В частности, такая вещь, как ненависть.

Над этими детьми не просто смеялись – их ненавидели, большею частью потому, что взрослые требовали от других, обычных детей жалости к ним, сочувствия им. «Как не стыдно, Элла, лучше б ты посмеялась над своими отметками… А ну отстаньте от бедного ребенка, хулиганьё, Бог вас накажет!.. Нечего хихикать, мистер Бауэрс, лично я не вижу ничего ужасного в том, что Марк не может отвечать у доски. Марк, напишешь мне письменную работу – надеюсь, она снова будет блестящей… А вы, Энди Бауэрс, пожалуйте к доске, мистер…Мда-а… что-то вам расхотелось хихикать, а? Или вы тоже у нас с дефектом речи?..»

Рода Дежардин делала всё, что могла… и кое-чего добилась.

Над Эдной Аккерман больше не смеялись и не пришпиливали ей на спину записок типа «Дай уродине под зад» - ее просто регулярно подстерегали в туалете для девочек и многократно пытались окунуть головой в толчок. И она молчала об этом, потому что ей пригрозили («только вякни об этом своей Дежардин, уродища!») отравить или задавить машиной ее любимого пса, Чипа. А Эдна всерьез считала, что кроме Чипа у нее никого нет.
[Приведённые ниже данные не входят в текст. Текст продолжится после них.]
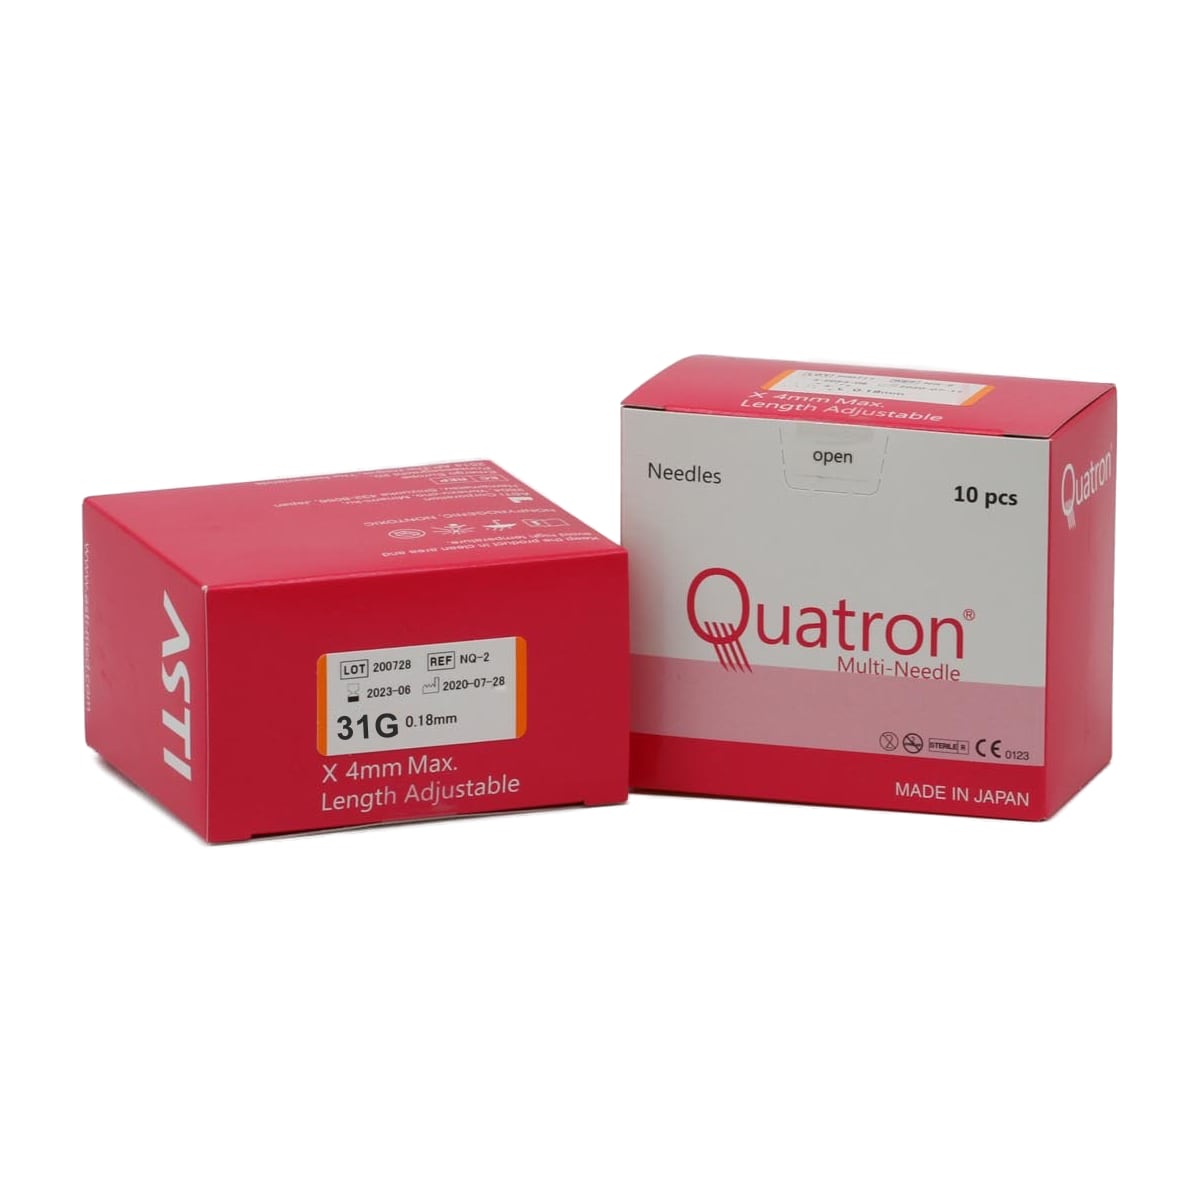 Quatron Multi-Needle 31G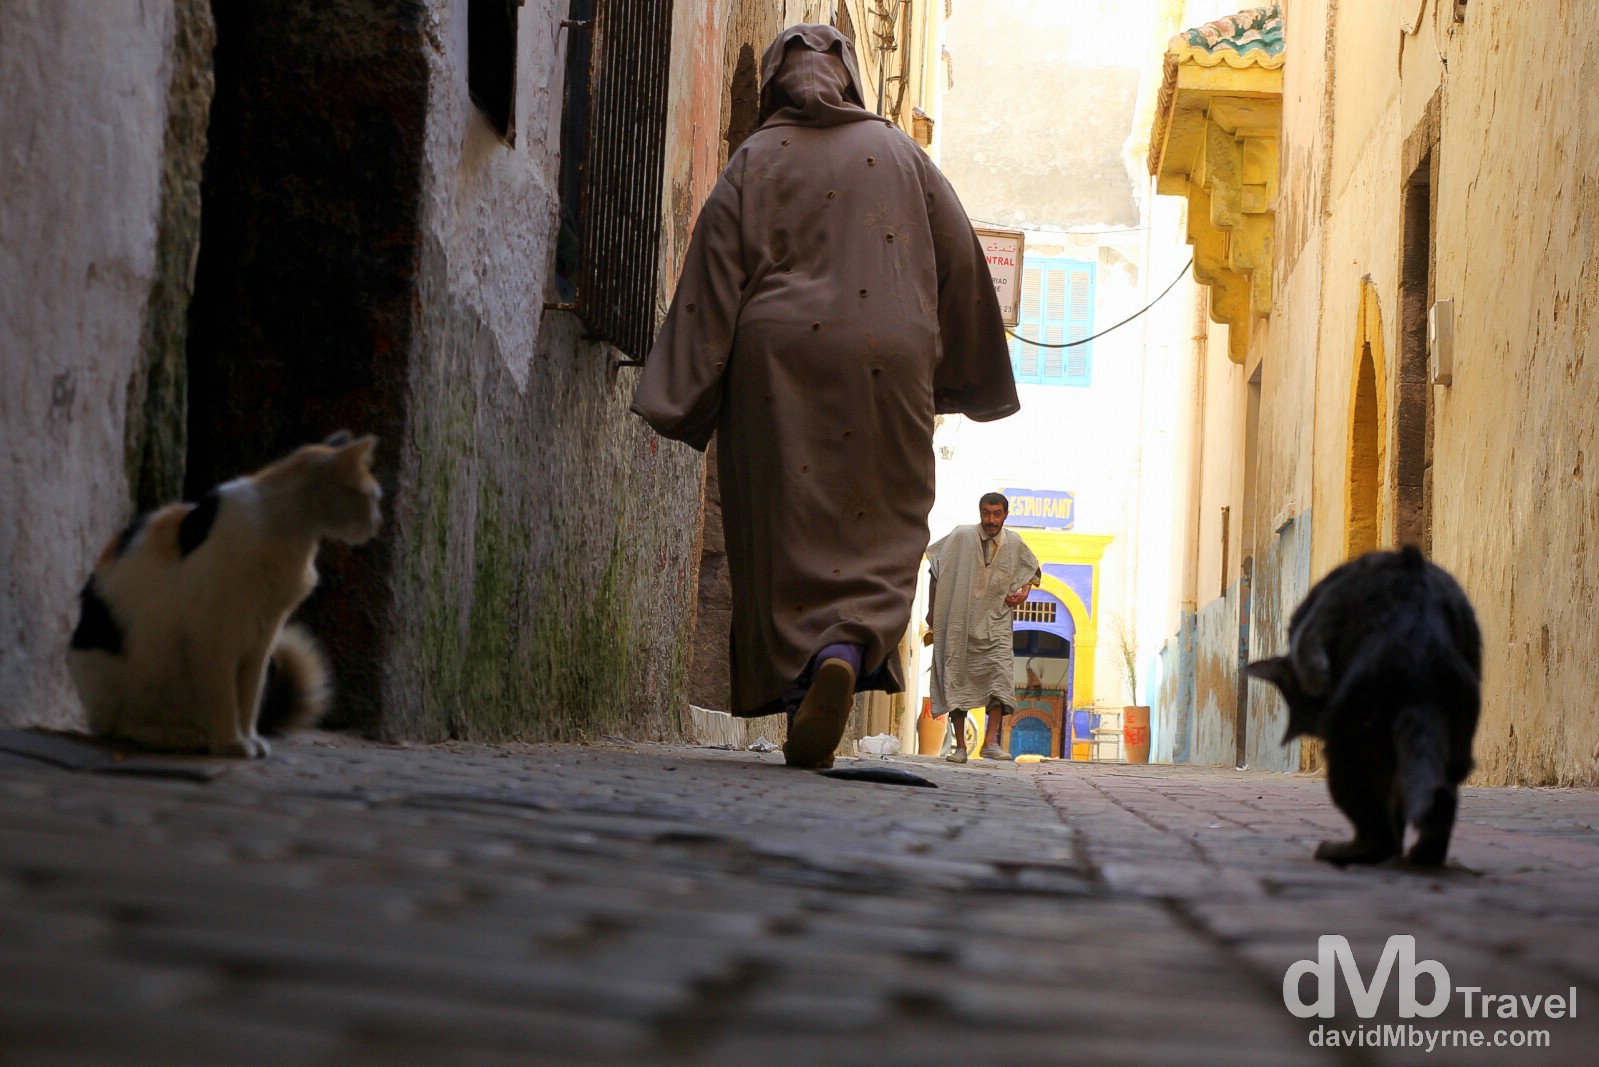 The medina in Essaouira, Morocco. May 4th, 2014.

Марк O’Брайен больше не слышал, как Энди Бауэрс мычит и хрюкает, передразнивая его речь. Вместо этого он стал писать по два домашних сочинения вместо одного – для себя и для Энди. Да и какой 13-летний устоит перед небрежно брошенной фразой некоронованного школьного монарха: «Ну я не понял – ты свой парень или нет?...» Марк смутно догадывался, что «свой парень» вовсе не должен, к примеру, завязывать шнурки Энди Бауэрса – но делал это, потому что в ином случае Энди отлучил бы его от сомнительного удовольствия шататься везде с его «командой», состоящей из независимых хулиганов.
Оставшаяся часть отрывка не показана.